Records from a collection:
- Opening Delimiter -

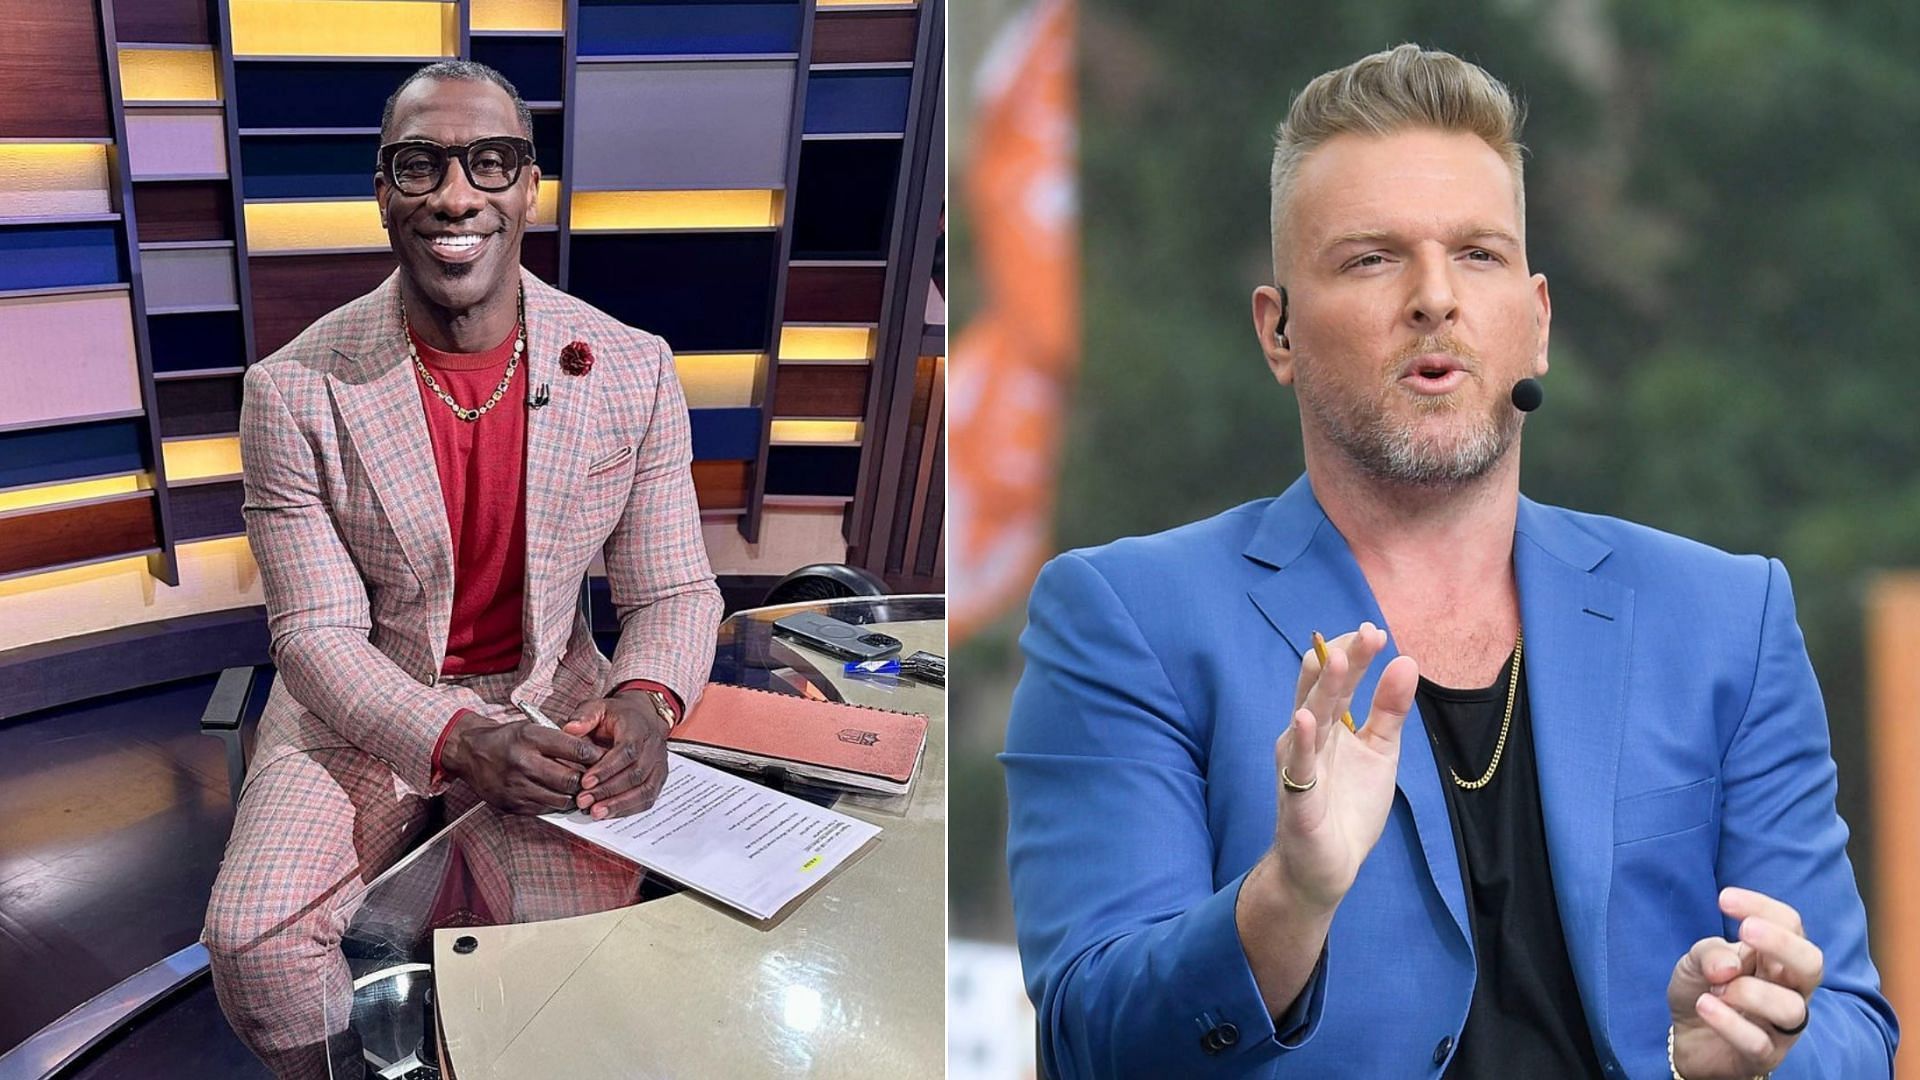 Reddit users have conspiracy theory surrounding Shannon Sharpe (L), Pat McAFee (R), and ESPN
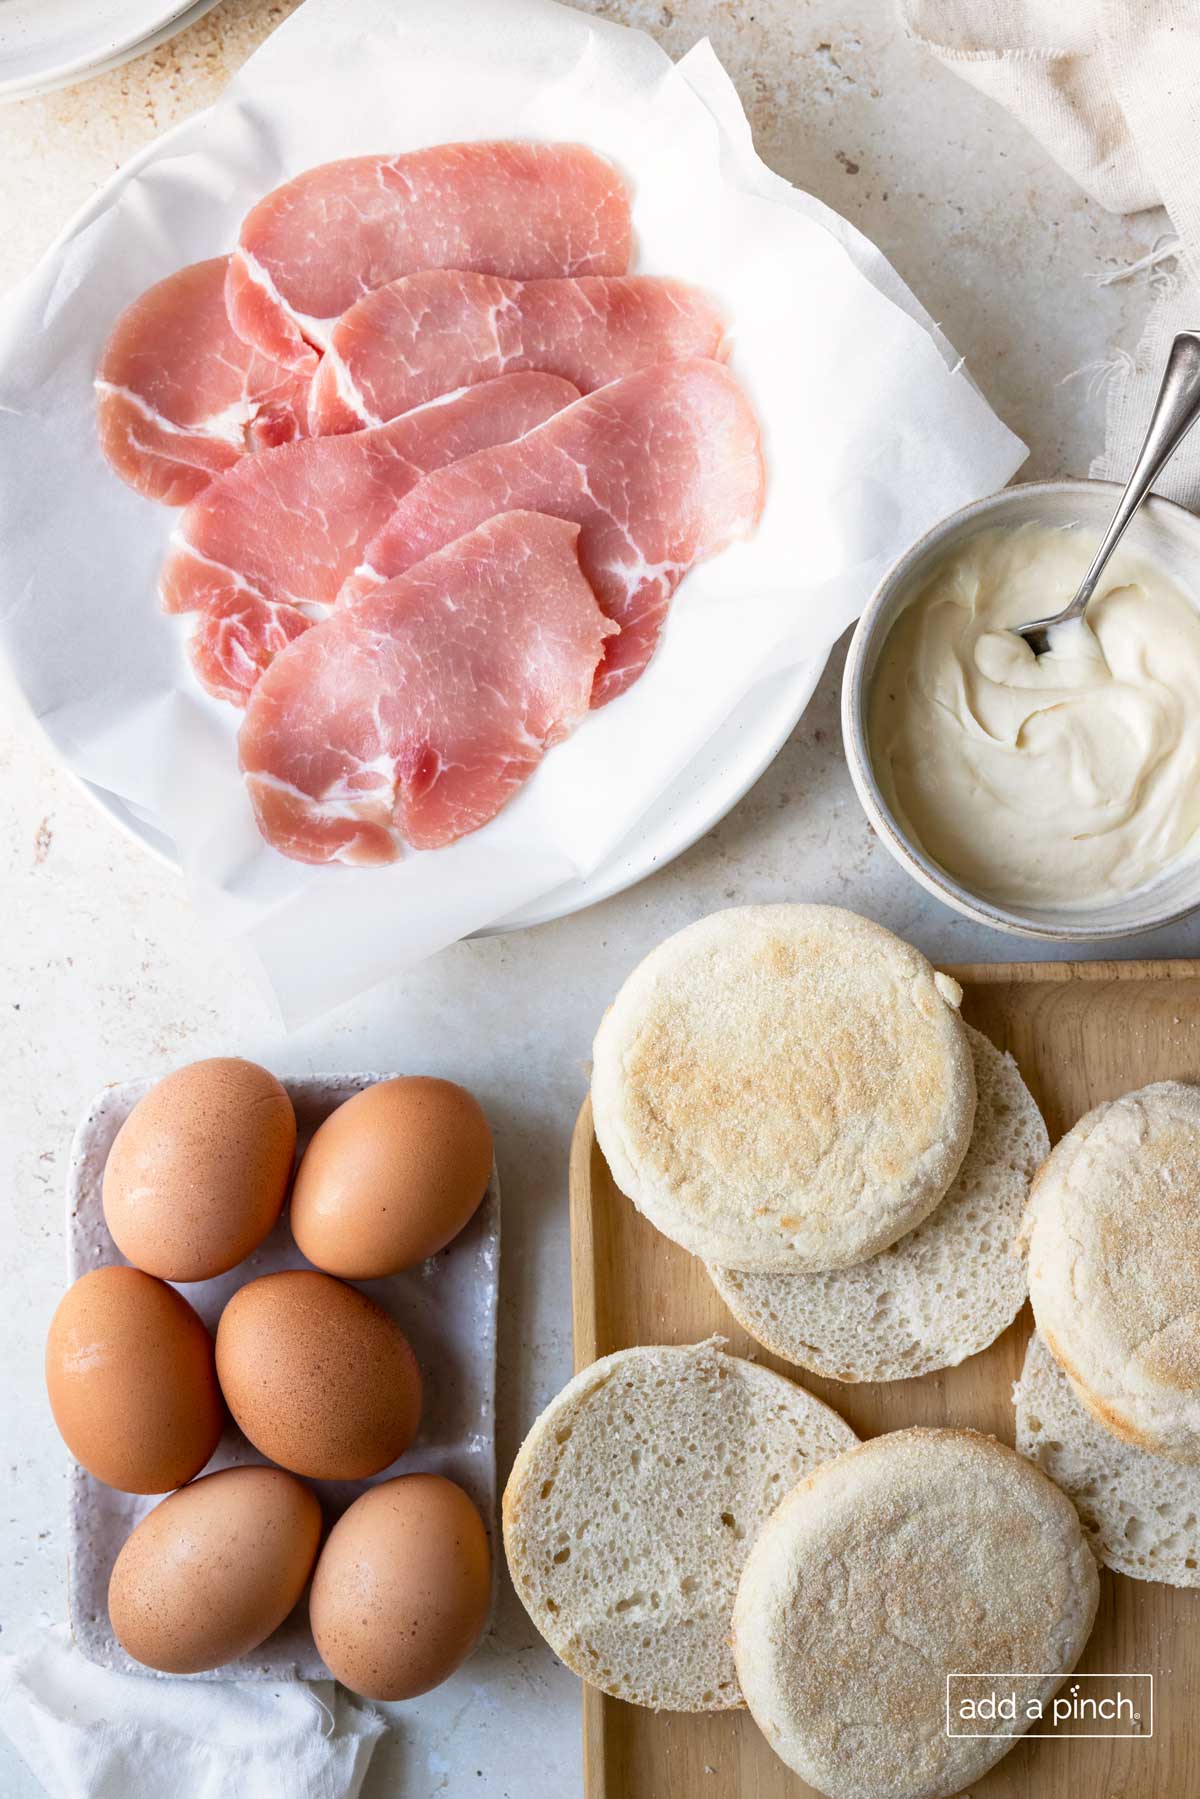 Photo of ingredients needed to make Eggs Benedict: Canadian Bacon, Eggs, English Muffins, Hollandaise Sauce.
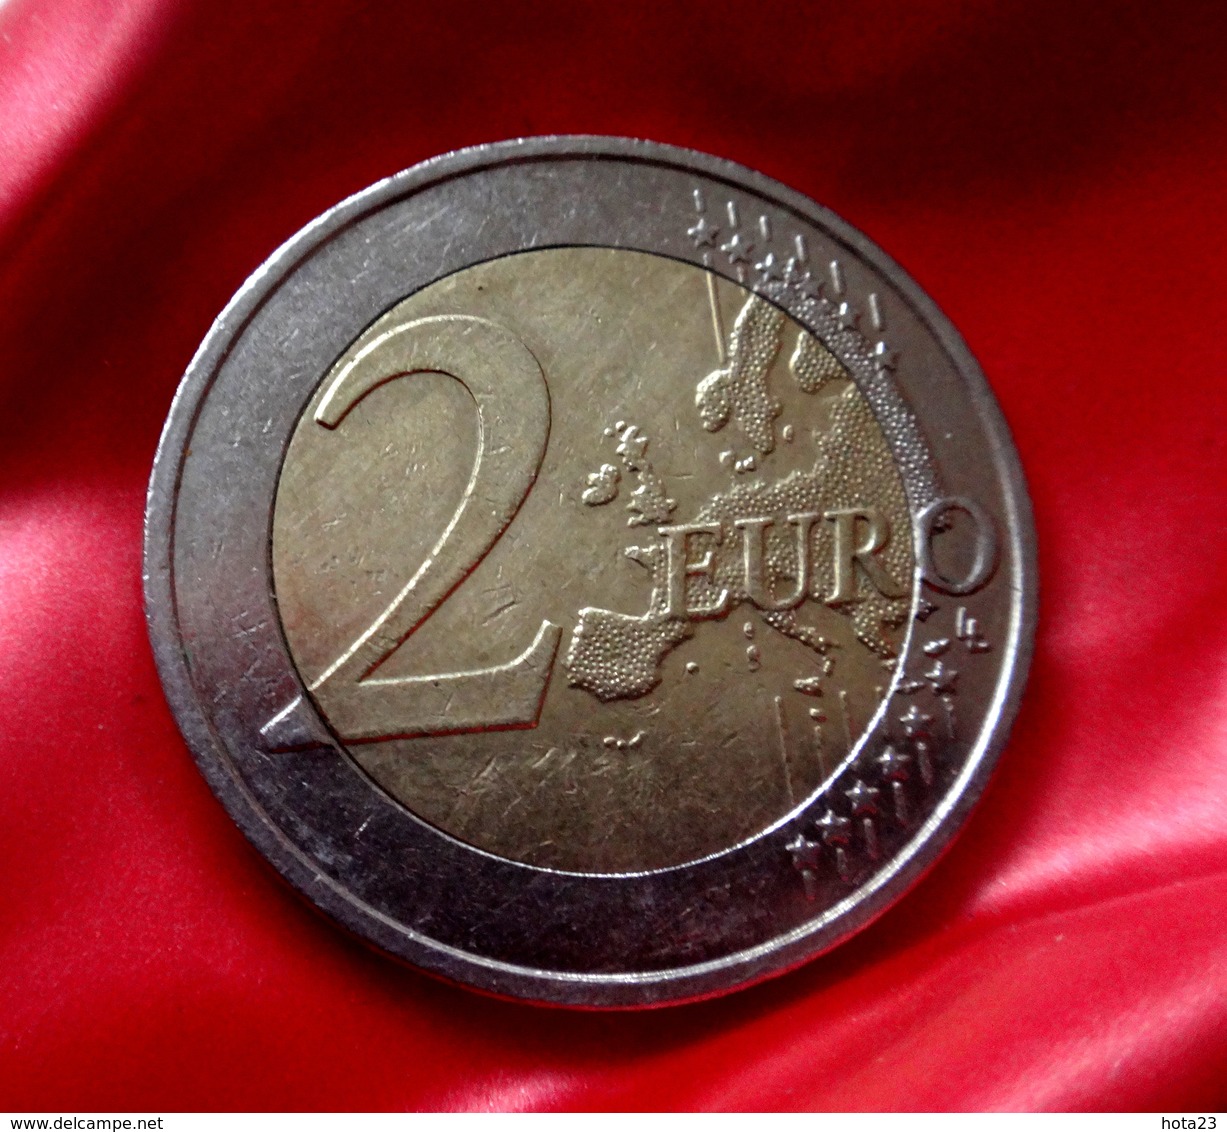 Germany 2 Euro 2016 Saxony Dresden - F -  CIRCULATED COIN - Allemagne
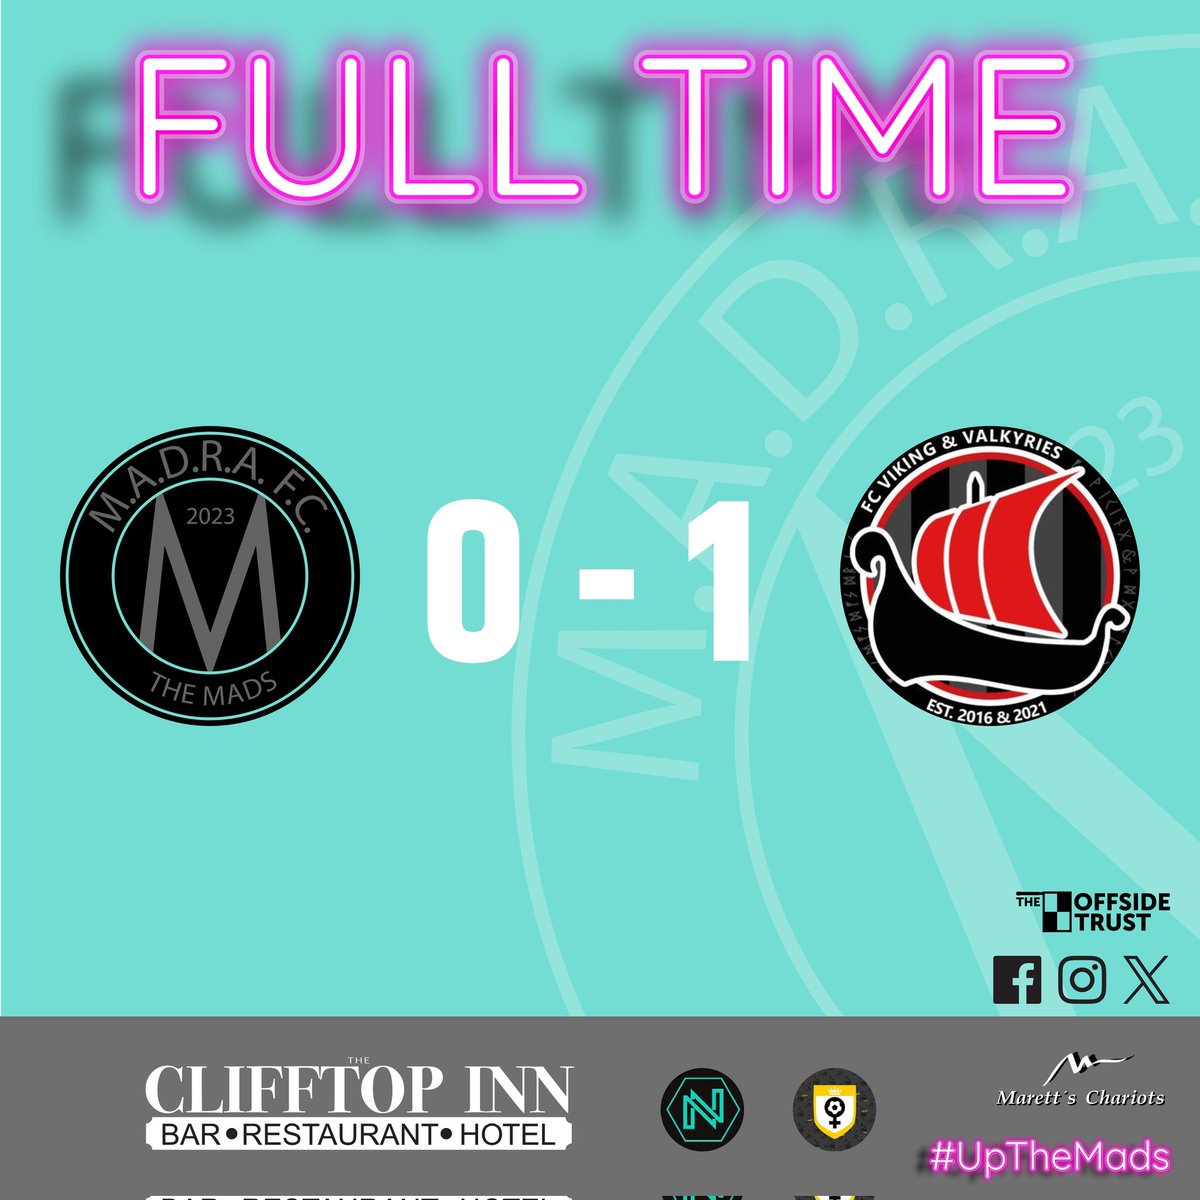 Womens team lose by just 1 goal to the undefeated league leaders.
#UpTheMads #WelcomeToTheMadhouse #Madness #TheMads #MadraFC #NorfolkFootball #OneStepBeyond
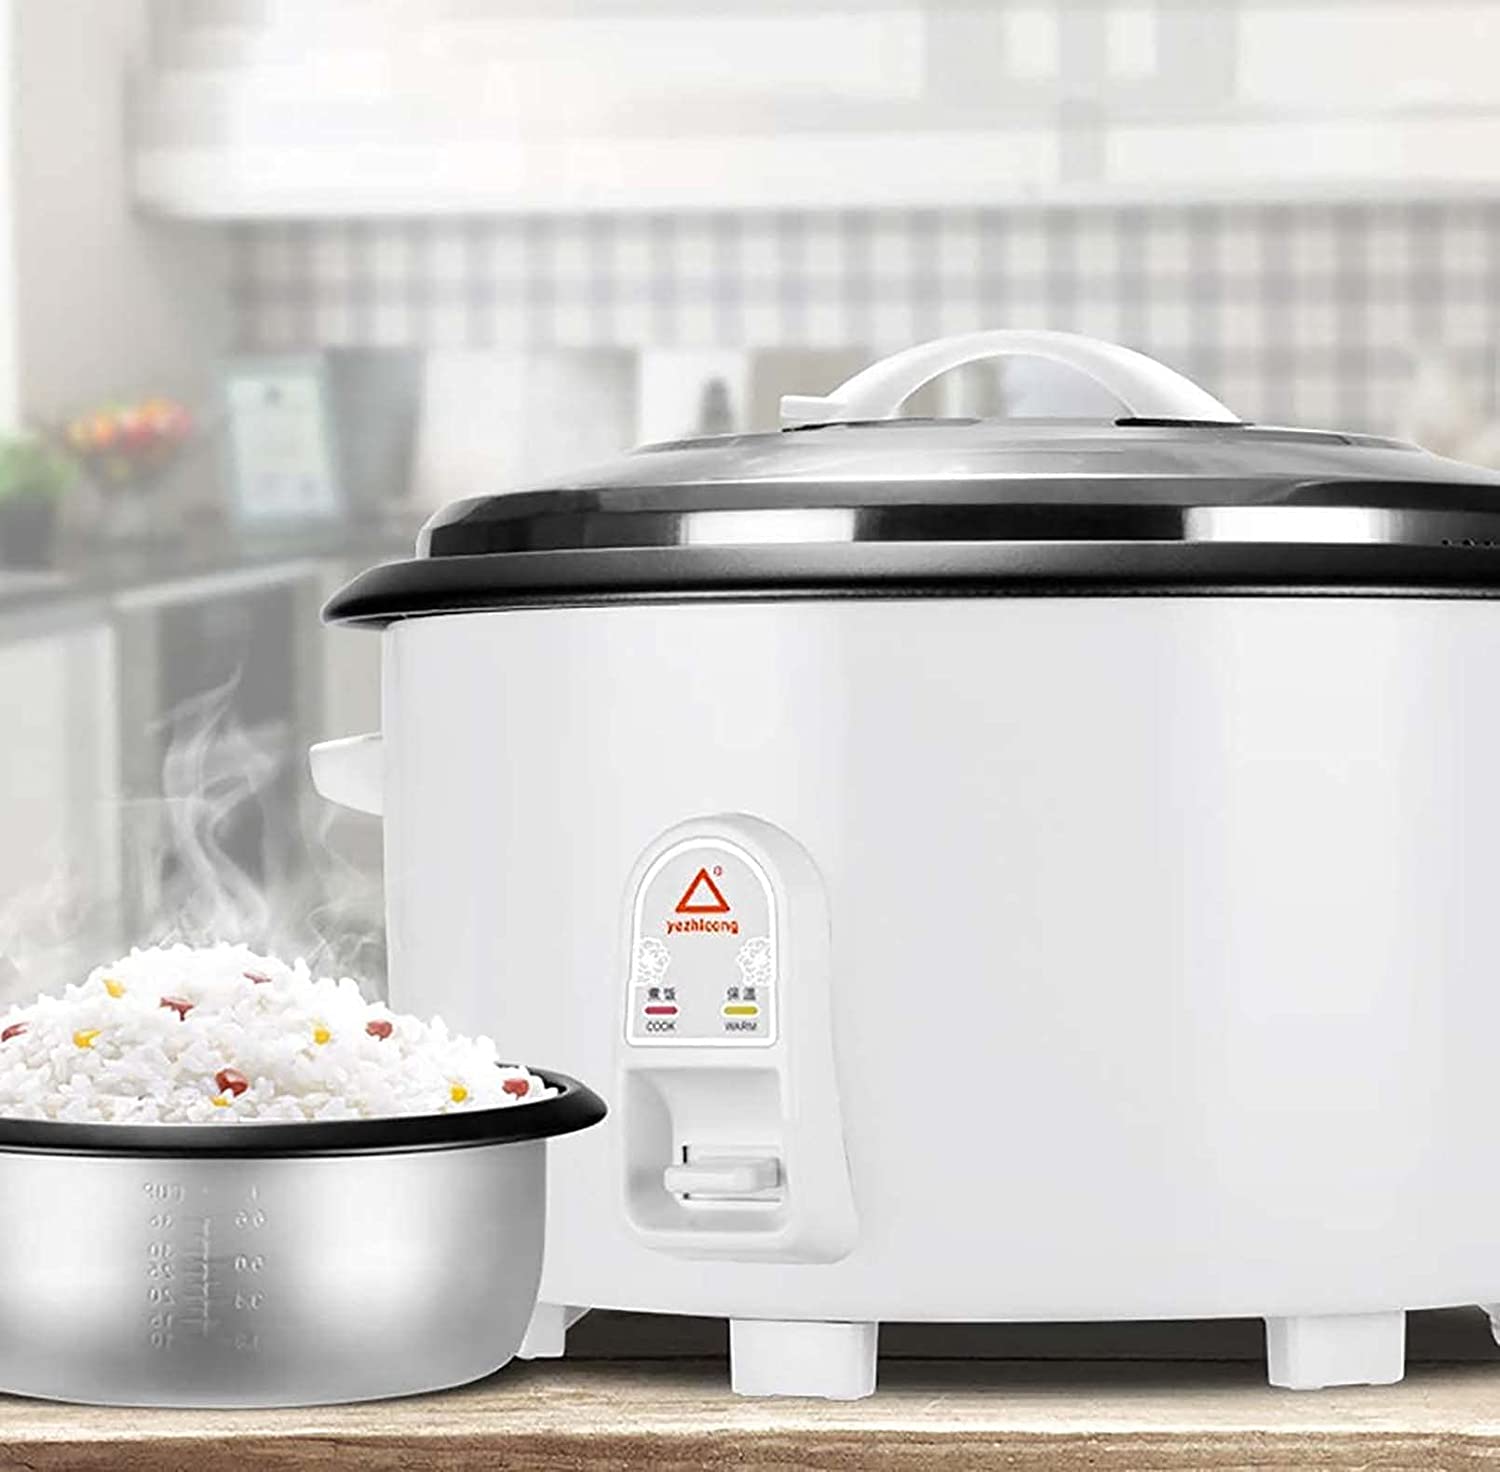 23 L Commercial Rice Cooker Restaurant Hotel Rice Cooker Non Stick Pot

- Closing Delimiter -

ASSIGNMENT »
Except for pictures, copy the records above exactly.

EXPECTED OUTPUT »
 Reddit users have conspiracy theory surrounding Shannon Sharpe (L), Pat McAFee (R), and ESPN
 Photo of ingredients needed to make Eggs Benedict: Canadian Bacon, Eggs, English Muffins, Hollandaise Sauce.
 Germany 2 Euro 2016 Saxony Dresden - F -  CIRCULATED COIN - Allemagne
 Womens team lose by just 1 goal to the undefeated league leaders.
#UpTheMads #WelcomeToTheMadhouse #Madness #TheMads #MadraFC #NorfolkFootball #OneStepBeyond
 23 L Commercial Rice Cooker Restaurant Hotel Rice Cooker Non Stick Pot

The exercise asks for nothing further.